The Indianapolis Colts visit the New England Patriots in a highly anticipated playoff game. We’ve seen this script before, and it was often extremely entertaining, not to mention history-making.
But in a way, this is also much different.
The marquee players have mostly changed. Furthermore, because the Colts are in the second year of a new front-office and coaching regime, there's a new face on what was once arguably one of the NFL’s greatest rivalries. Maybe a game like Saturday’s sparks it up again.
We can hardly wait, and here to break it down for us are ESPN.com NFL Nation reporters Mike Reiss (Patriots) and Mike Wells (Colts):
Reiss: Mike, it used to be the Tom Brady versus Peyton Manning storyline. Now it’s Brady against Andrew Luck. From having watched Luck throughout the season, what have you noticed about him that reflects his growth as the Colts’ franchise player in his second season?
Wells: His maturity and will to win. Both of those elements were on display last weekend when Luck led the Colts to an improbable 45-44 come-from-behind victory over Kansas City after being down by 28 points in the third quarter. It looked like the Colts were going to have a difficult time winning the AFC South after receiver Reggie Wayne was lost for the season with a torn ACL, but Luck continued to work with his young receivers to develop continuity with them. Luck didn’t pass for as many yards this season as he did during his rookie season, but he improved his completion percentage and also cut his interceptions in half from 18 to nine. Reducing his turnovers was huge for Luck. He went from trying to force the issue with his arm to tucking the ball and running or just taking the sack.
I’ve said all season that there’s no better quarterback in the NFL than Brady when it comes to getting the most out of his receivers. Some Colts fans don’t agree with me. You’re around Brady on a regular basis. Why is he able to be successful with a group of relatively unknown receivers?

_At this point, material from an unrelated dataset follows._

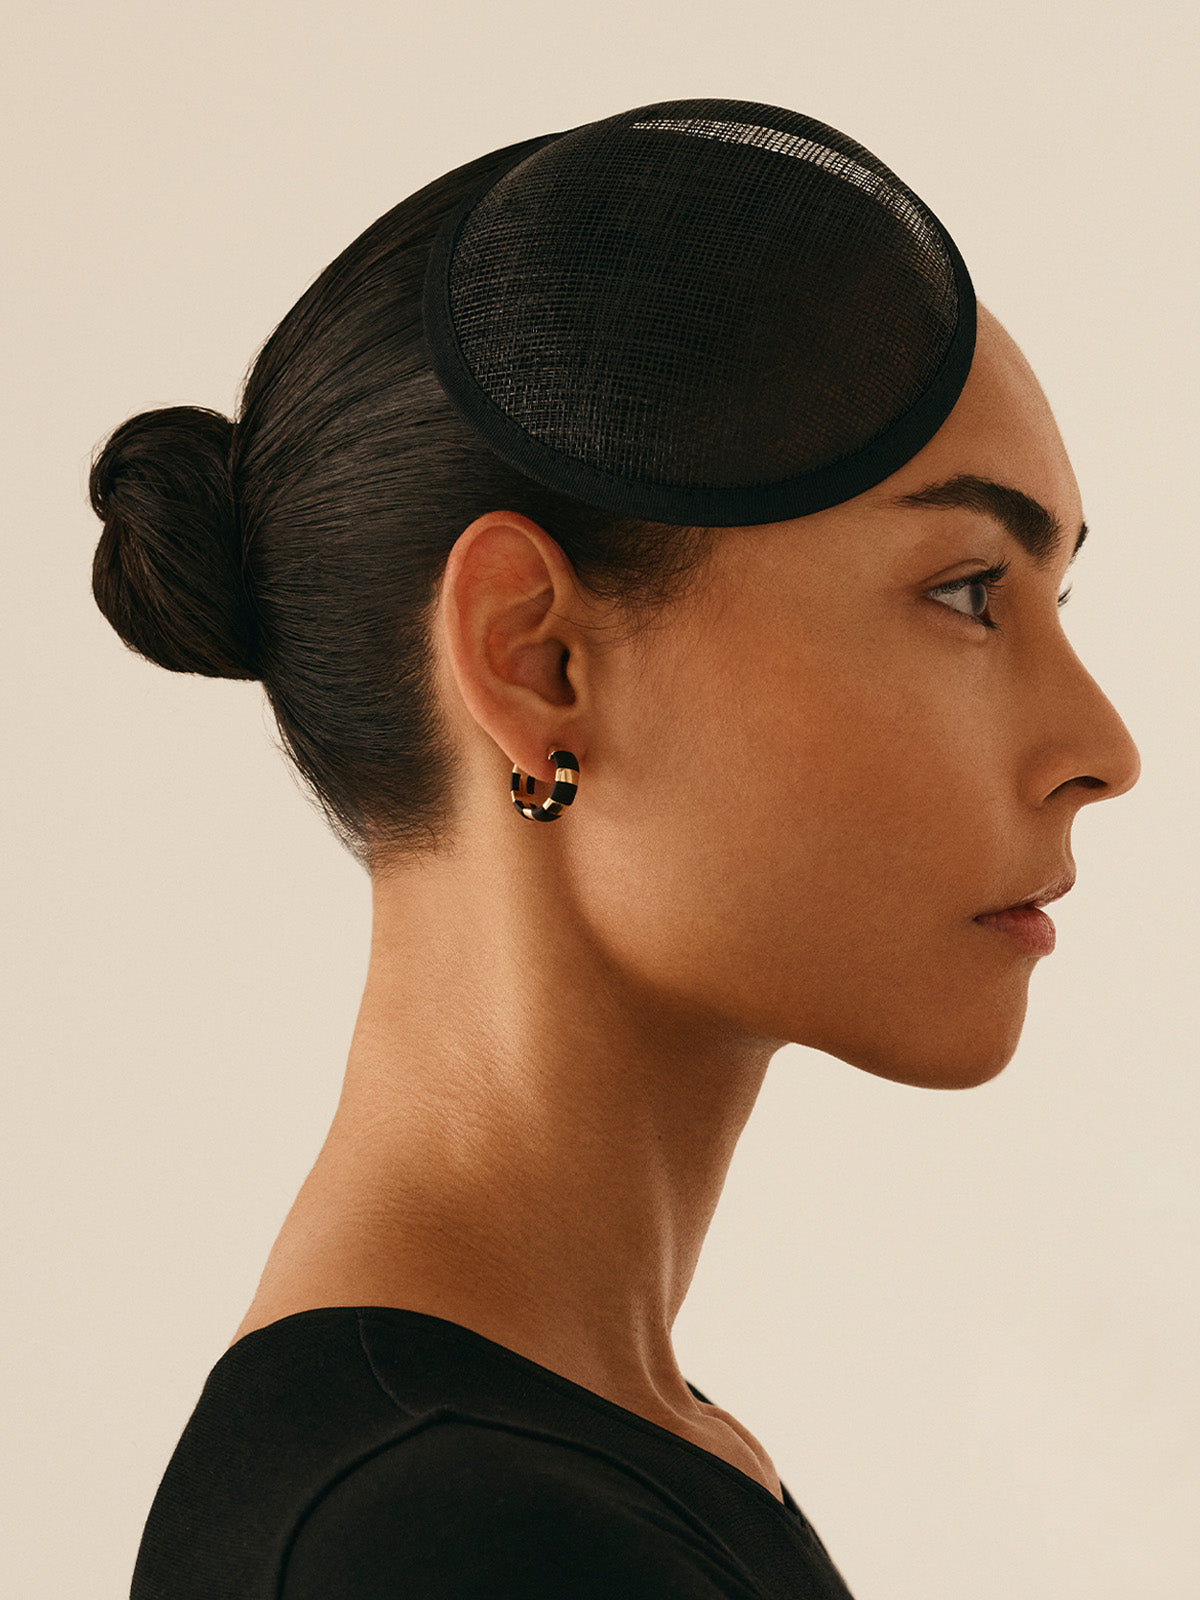 KINRADEN APS ELSA Earring - 18k gold Earrings
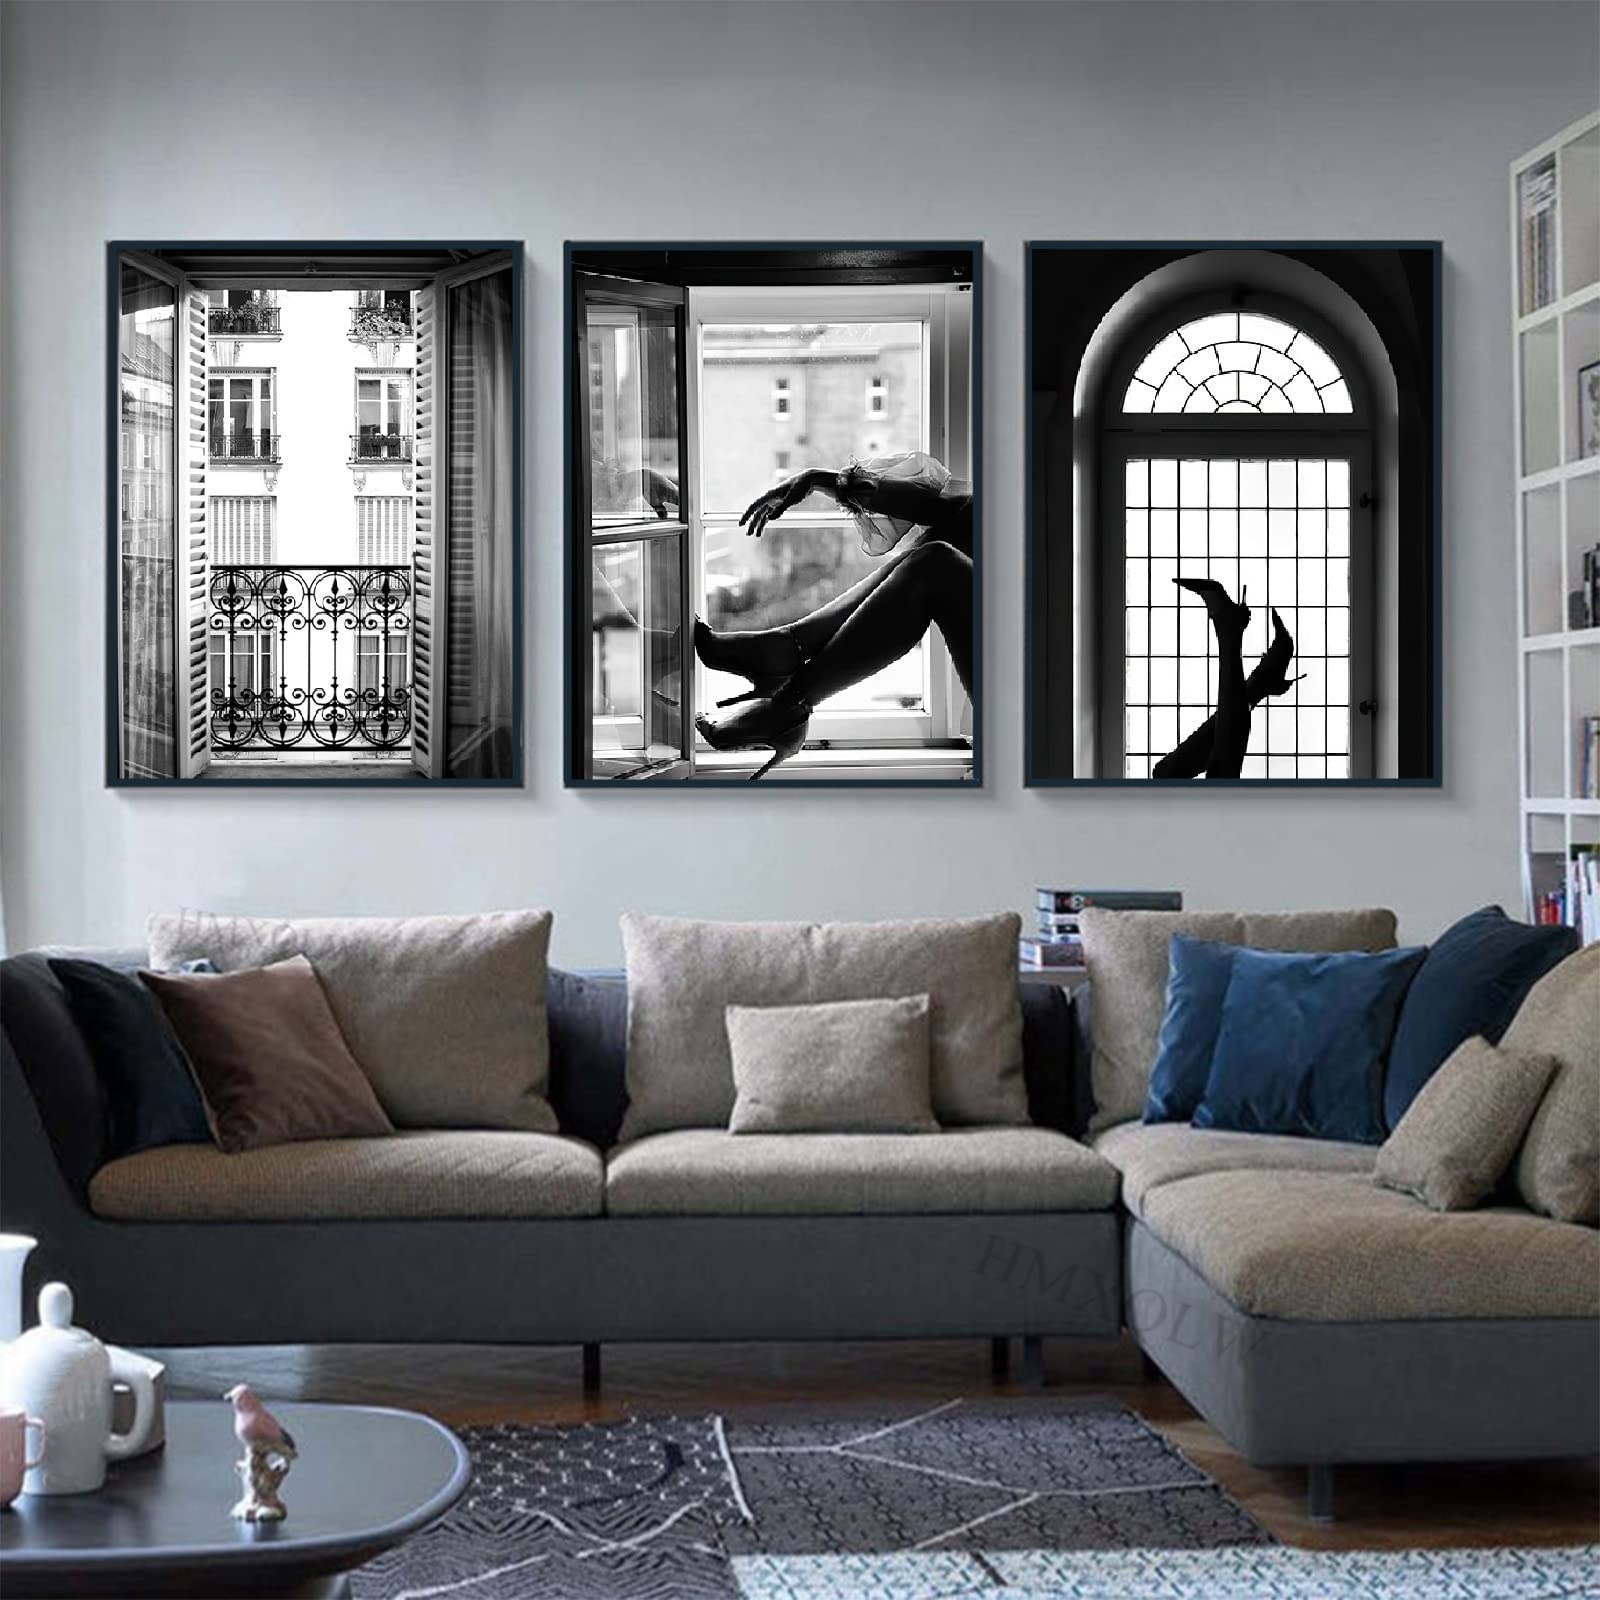 HMXQLW Schwarz Weiß Bilder 3er Set Leinwandbilder Modern Poster für Wohnzimmer Schlafzimmer Deko Kunst Malerei Kein Rahmen (High Heels,30X40CM)

Reiss: Where to begin? Brady is exceptionally smart, with the recall of a golfer who might go through each shot of his round with vivid detail. Former offensive coordinator Bill O'Brien once nicknamed Brady’s brain “IBM” because it is computer-like, and when you consider that Brady has essentially been in the same offensive system for 14 years, that’s a major advantage. Brady also takes great care of himself physically, having just played every snap of a regular season for the first time of his 14-year career. I think it starts there, and it trickles down to his competitive drive and the feeling that he has an ownership stake in this team. He’s been having weekly film sessions with the young receivers on Tuesdays this year, as he’s almost morphed into another coach who demands excellence. He previously acknowledged that he had to learn to have more patience because of the unique situation and he’s been rewarded for it. It’s been impressive to watch.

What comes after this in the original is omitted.